I love it when different and seemingly unrelated aspects of my life intersect - that usually creates a good story. I have a fairly short commute, usually about 30 minutes each way, which is just long enough for local radio shows to drive me insane. I can listen to a curated Pandora station in stretches, but the bulk of my audio entertainment comes from podcasts. The #Freakonomics podcast is one of the best, and their recent show asking if the internet is being ruined is definitely worthwhile; http://freakonomics.com/podcast/internet/
Of particular interest was the fact that there are just a handful of major tech companies that essentially control all the ways we interact with the information available on the internet. Depending on minor variations to algorithms, Google, Facebook, and Twitter can determine what we see in our feeds. (The word "feed" is an interesting choice in and of itself, as though we are being fattened for the slaughter.) In this paradigm, what constitutes censorship? And how much of what we consider our own "point of view" is actually crafted by which data ends up in feed?
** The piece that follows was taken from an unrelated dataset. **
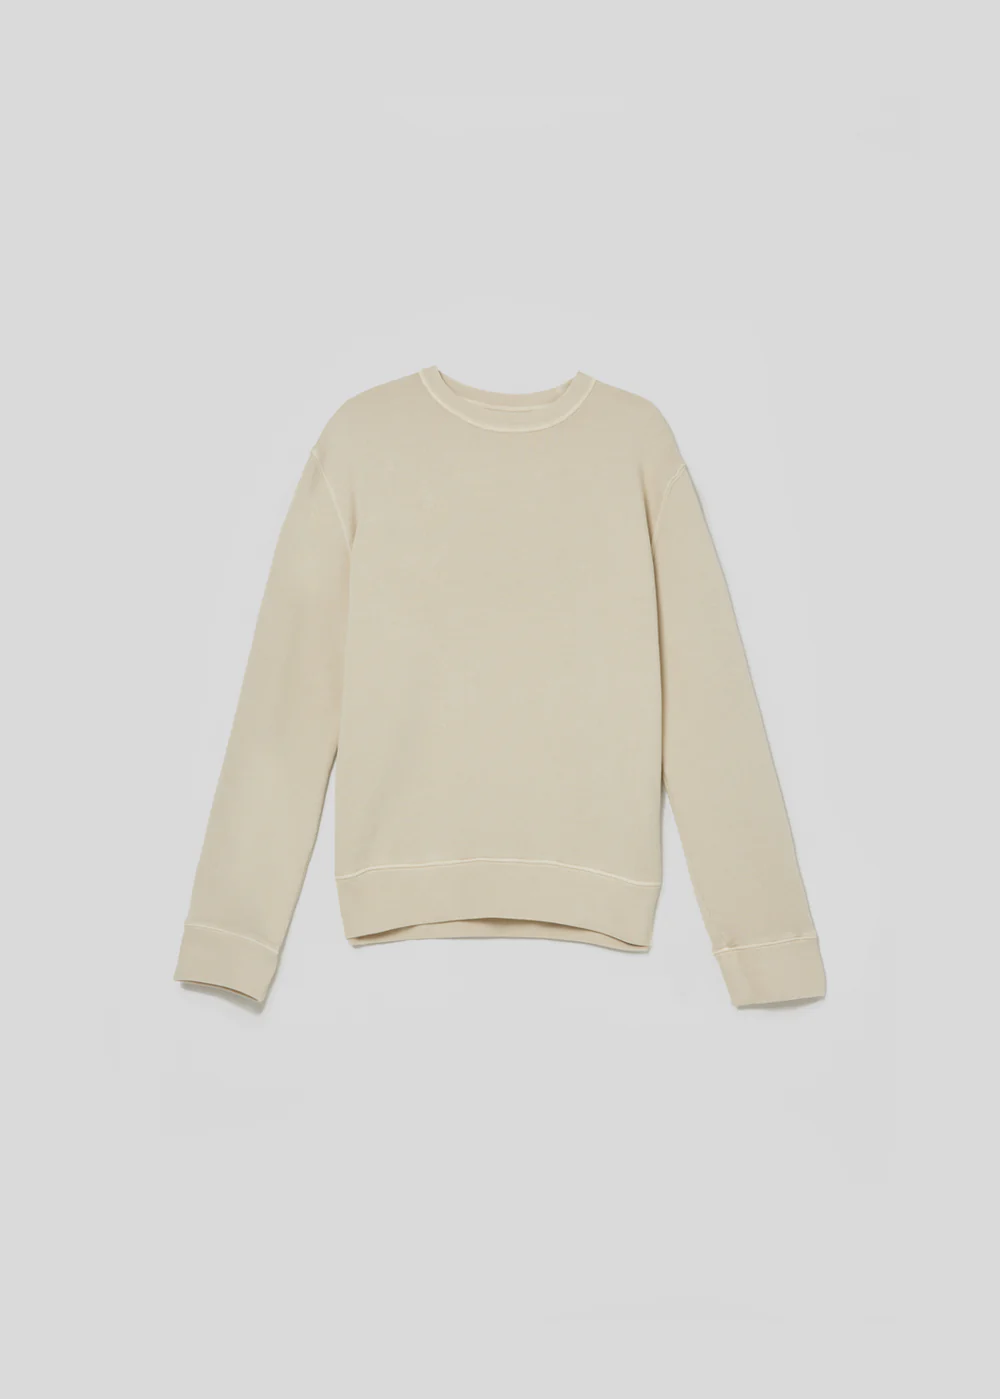 Vintage crewneck sweater from Citizens of Humanity in off-white cream color against a blank background.

Then I started thinking about how a platform like steemit is able to circumvent all of that. The "algorithm" that decides what is worth reading is crowdsourced and incentivized. The objective isn't to keep eyeballs on the page to satisfy advertisers, but rather to give the audience what they want to see and allow the audience to show their appreciation.
It's the little STEEM engine that could. . . and we'll see how high up the mountain it can take us.